After that first socket was freed (returned to the slab cache), I created a new one. The wonderful slab allocator handed me the first one from its list, which happened to be the exact same piece of memory as the first socket.
I added it to the linked list, a second time. Disaster resulted:
Carnage, bloodshed, and misery! The CPU weeps in anguish, and the memory bus gnashes its teeth. How could this horrific situation happen? Let’s see what the Linux kernel does when you add to a linked list:
// insert new in between prev and next (slightly simplified)
static inline void __list_add(struct list_head *new
struct list_head *prev,
struct list_head *next)
{
next->prev = new;
new->next = next; // (!)
new->prev = prev;
prev->next = new;
}
Quite standard really. If you insert new
in front of itself, then the marked
line of code will set its next
pointer to itself.
Now, next time you try to iterate through the linked list, you will find yourself in an infinite loop. What’s worse, if you try to be smart and protect this list with a lock of some sort, you will find that every other thread hoping to read or write that list will deadlock too, waiting for your infinite loop to stop.
This one kept me up until 3AM. In hindsight, every bug looks simple, and when I figured it out, I was embarassed that it took me so long. I went down a lot of rabbit holes in my investigation, before I brought out the big guns: GDB.

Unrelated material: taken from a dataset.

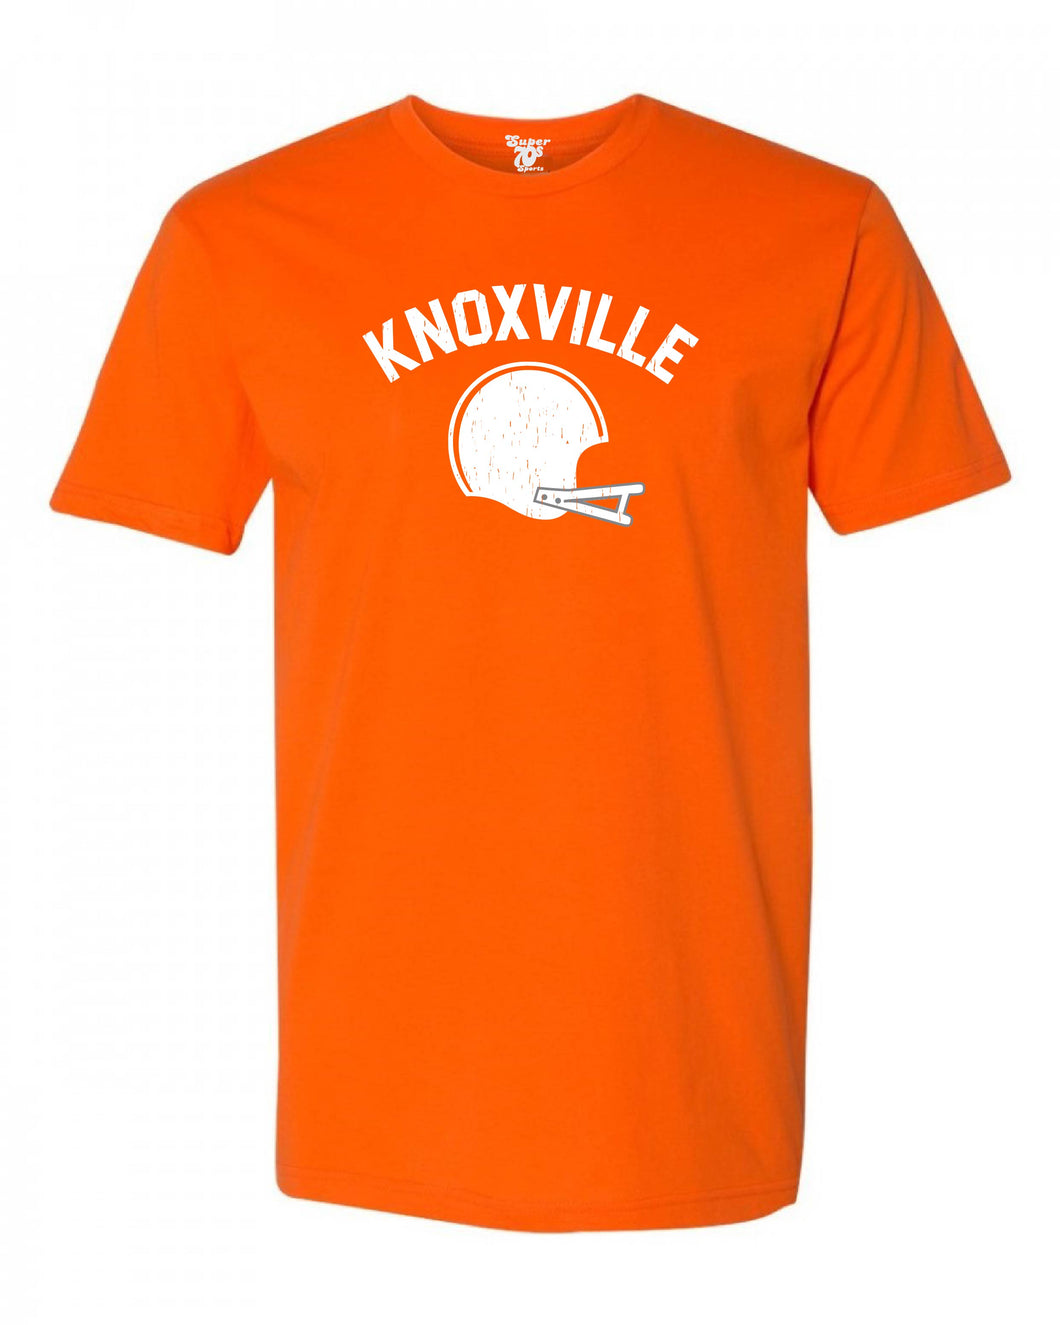 Knoxville Football Tee

Thanks to my current setup, I can actually use GDB to pause the kernel, step through code, and even evaluate expressions. It’s a feeling of supreme power when you realize that you have, essentially, a C interpreter running within the context of a kernel!
Anyhow, once I zeroed in on the problem, I was able to look at the linked list pointers in short order, and with a little diagramming the problem was quickly revealed. I guess the moral of this story is that tools are excellent, and you should probably use them. Also, be careful of linked lists.